Después de las seis palabras de María en el Evangelio, queda su silencio, que a nosotros nos prepara a celebrar mañana la fiesta de su Natividad. Y ese silencio es el que lo resume todo. María no necesita más discursos porque su vida entera habla: acalla toda consideración y se queda solo con Jesús. Ella pospone en la práctica todo lo demás, incluso a sí misma. Su propio bienestar, sus afectos más íntimos, sus esperanzas humanas: todo lo coloca detrás de Jesús. Él es lo primero y lo único.
En el Calvario, María se revela como la perfecta discípula. Ella supo hacer silencio ante sus propios razonamientos, ante el dolor más intenso, ante los ruidos interiores de la angustia y del miedo. Supo dejar que todo se acallara para permanecer firme junto al árbol de la vida, abrazada a la Cruz de su Hijo. Allí donde otros huyeron, Ella permaneció. Allí donde otros no entendían, Ella creyó. Allí donde todo parecía derrota, Ella escuchó, en silencio, al Verbo eterno que, desde la Cruz, continuaba revelando el amor del Padre en medio de la tiniebla.

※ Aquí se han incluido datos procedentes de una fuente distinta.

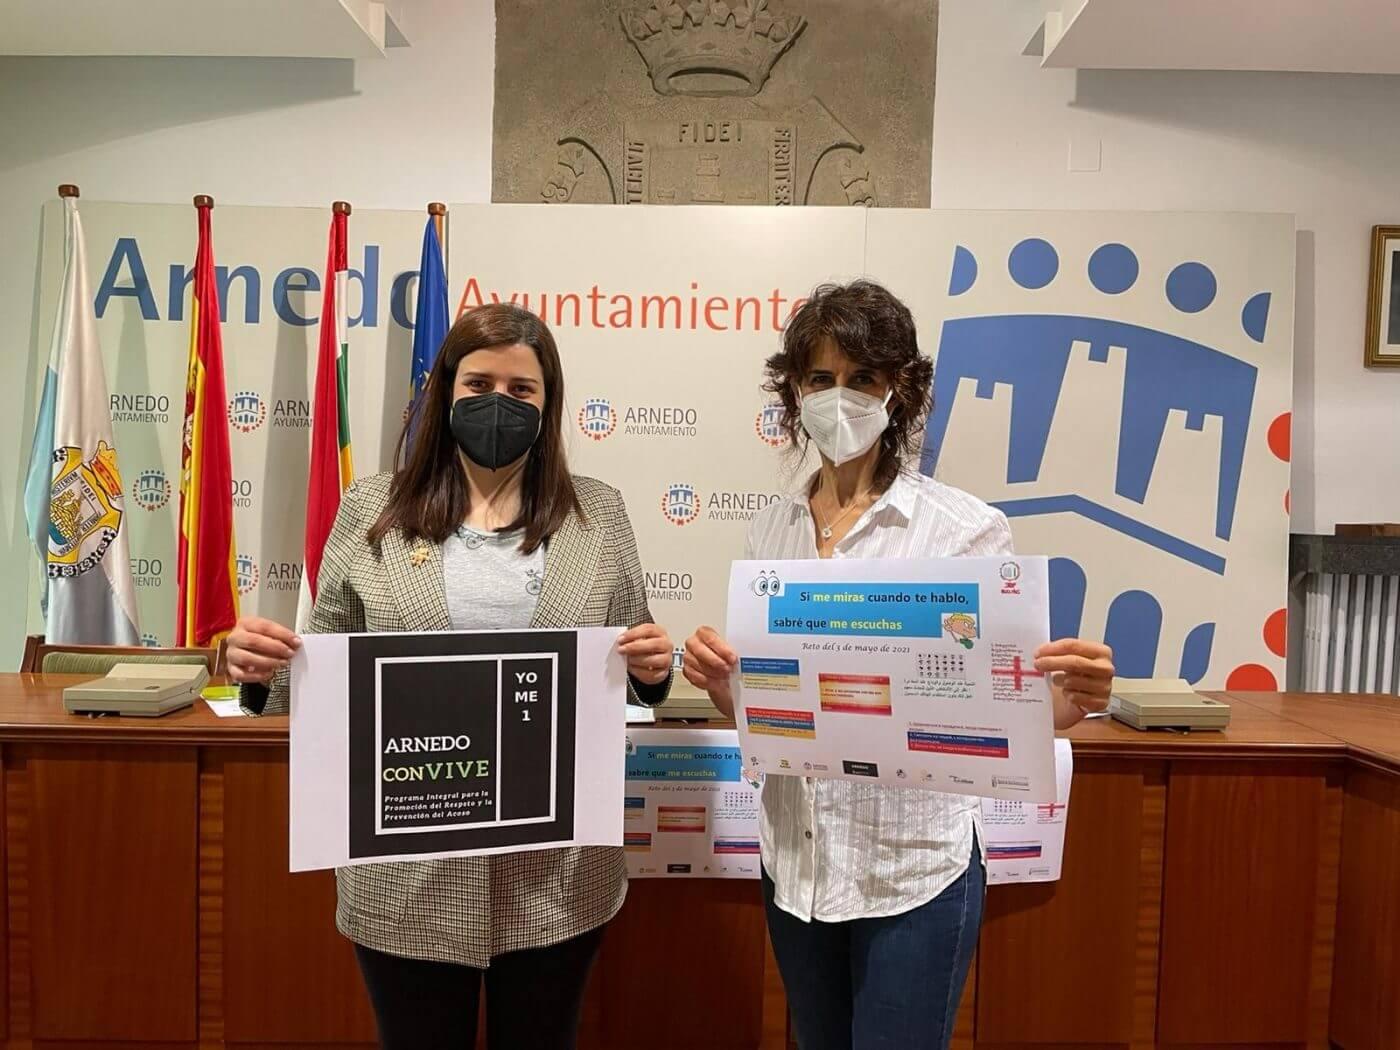 'Arnedo Convive' lanza un reto a toda la ciudadanía con motivo del 'Día Internacional contra el Acoso Escolar'

María nos enseña que el verdadero discipulado es aprender a hacer silencio a todas las cosas. Porque todo, incluso lo más legítimo, puede convertirse en ruido interior que distrae y turba. Solo cuando el alma calla ante sí misma y ante el mundo, se abre para escuchar al Hijo Amado, al Verbo del Eterno Padre, que habla sin necesidad de palabras humanas, con la suavidad del Espíritu, en lo más íntimo del corazón.
Santa María, Madre del silencio, enséñanos a acallar lo que nos distrae y nos aparta, para que, como Tú, seamos discípulos que escuchan a Jesús y lo siguen hasta la Cruz. Amén.